A multi-millionaire couple who say they were bankrupted by a woman nicknamed ‘The Vamp in the Veil’ have lost a six-year battle to face criminal charges.
Amanda Clutterbuck, 64, and Ian Paton, 53, accused Sara Al-Amoudi of claiming to be the daughter of a Saudi billionaire and an Arab ‘princess’ and claimed she cheated them out of a wallet real estate of £14 million.
But the couple lost a battle in the High Court in 2014 when a judge found six luxury Knightsbridge flats had been handed over to Ms Al-Amoudi by Mr Paton to repay loans from their ‘underground relationship’.
They have never accepted the judge’s ruling and have been campaigning for six years for the Met Police to press charges against Ms Al-Amoudi.
A police investigation has been closed and the couple have now lost a bid from the High Court to compel the force to reopen the investigation.
Ms Al-Amoudi’s identity remains shrouded in mystery, nearly a decade after the initial High Court battle where she earned the nickname ‘Vamp in the Veil’.
She would arrive at court in a Rolls Royce Phantom with HRH license plates and enter the building flanked by guards and wearing a selection of veils paired with five-inch platform heels.
Ms Clutterbuck and Mr Paton accused her of being a cocaine-using Ethiopian prostitute, suggesting she posed as a billionaire and calling her testimony in court a “farrago of lies”.
However, Madam Justice Asplin found that Ms Al-Amoudi was “a woman of some wealth”, with at least £2million in an offshore bank account, and she accepted that although Ms Al-Amoudi did not call herself a “princess”, she hinted that she had been married to “a member of the Saudi royal family”.
The judge dismissed the claim that she was a prostitute and accepted evidence from a member of the House of Lords that Mr Paton had ‘used Ms Al Amoudi’s money’.
The latest court battle has heard how the couple were told the Met Police investigation was closed and exercised their ‘victim’s right to examination’ which failed.
Seeking a judicial review of the decision, Mr Paton’s brother George Paton told Judge Richard Hermer QC that Ms Clutterbuck and Mr Paton had been financially ruined and their relatives had also lost millions.
“They lost their homes, they went bankrupt. Their extended families lost millions of pounds,” he said.
“The suspect (Ms Al-Amoudi) stole tens of millions of pounds worth of property and money. The loss of victims is extraordinary,” he said.

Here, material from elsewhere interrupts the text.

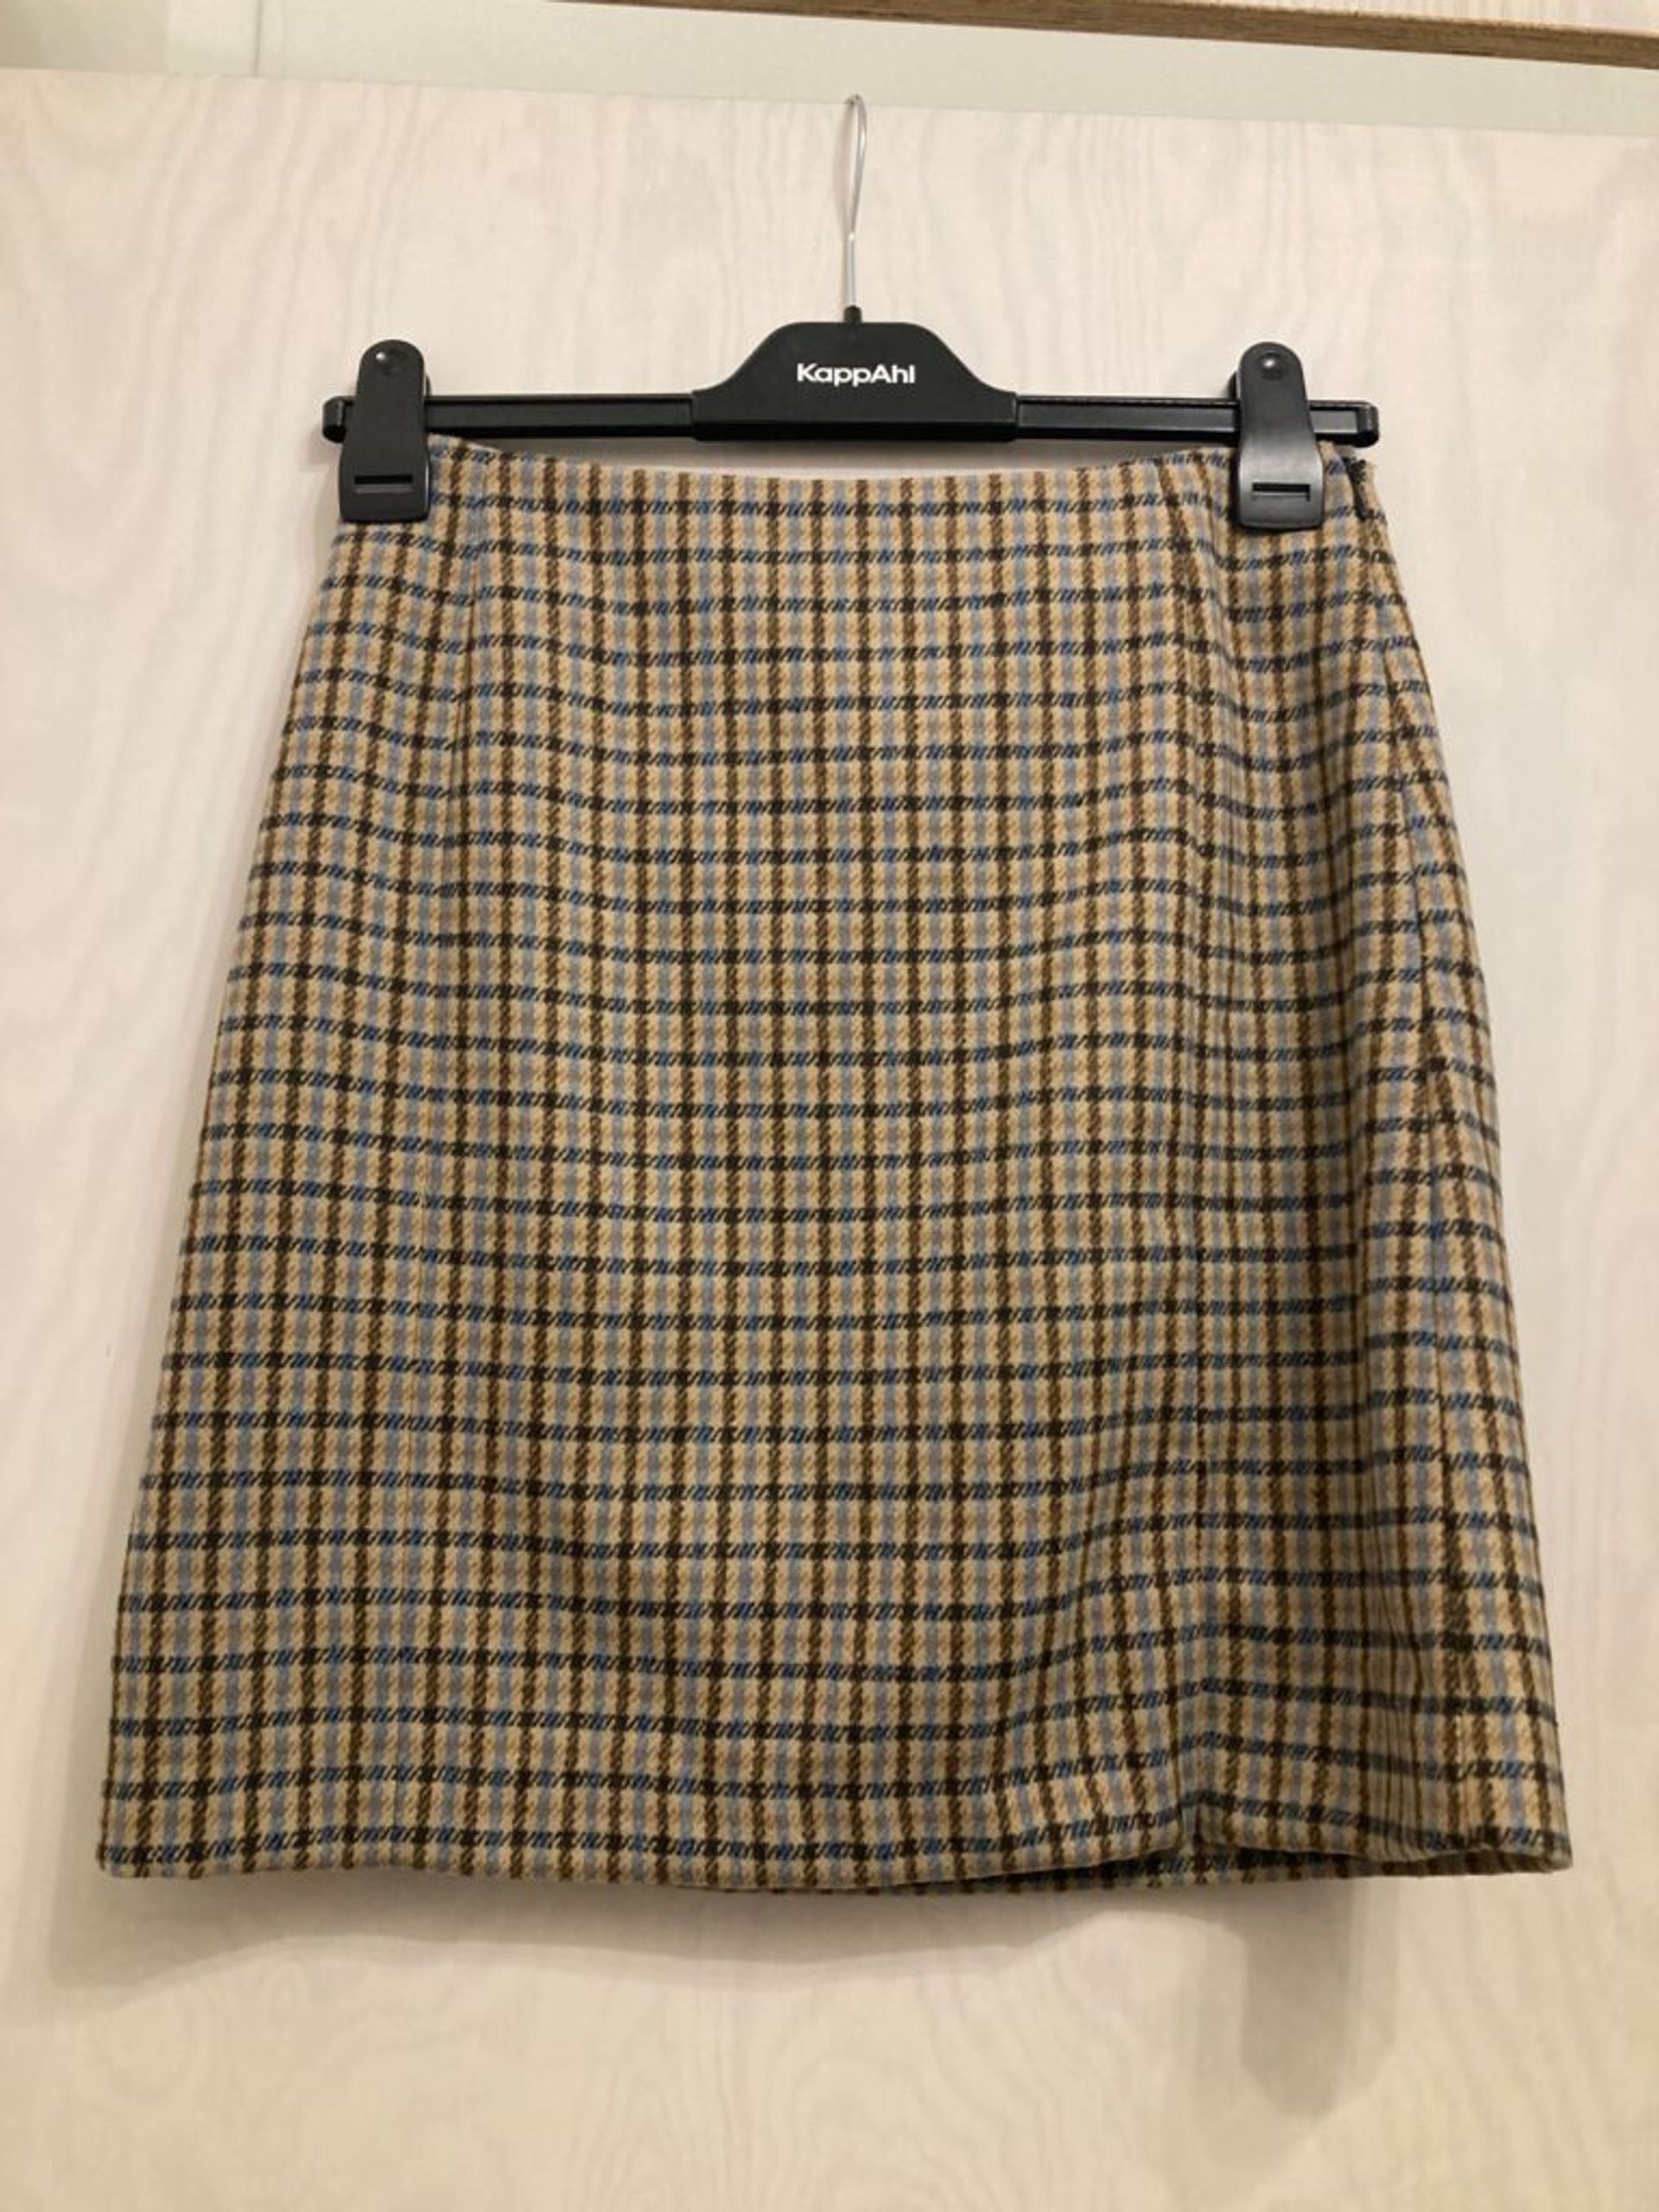 A short skirt.

Mr Paton claimed there is evidence Ms Al-Amoudi used a fake Saudi birth certificate to establish her credentials with HSBC in 2008 and suggested they had ‘substantial and compelling DNA evidence’ on her true identity.
However, Met lawyers said detectives who analyzed the evidence pointed to numerous legal and evidentiary hurdles any prosecution would face before going to trial.
They pointed to the key fact that Ms Al-Amoudi had been exonerated in the couple’s fraud case brought to the High Court, where the standard of proof was far below that of a criminal court.
Detectives handling the case had also pointed out that they had received no proper cooperation from the Saudi government when trying to determine Ms Al-Amoudi’s true identity.
Police said there was insufficient evidence to prove Ms Amoudi was guilty of impersonation.
Delivering his decision, Judge Hermer said the couple’s case was “indisputable”.
“Events have clearly had a profound impact on them; by events, I mean not only the criminal behavior they claim to have suffered from, but also their obvious frustration at the lack of prosecution of this individual”.
But he said a court would be reluctant to interfere with a police decision that was made after detailed analysis.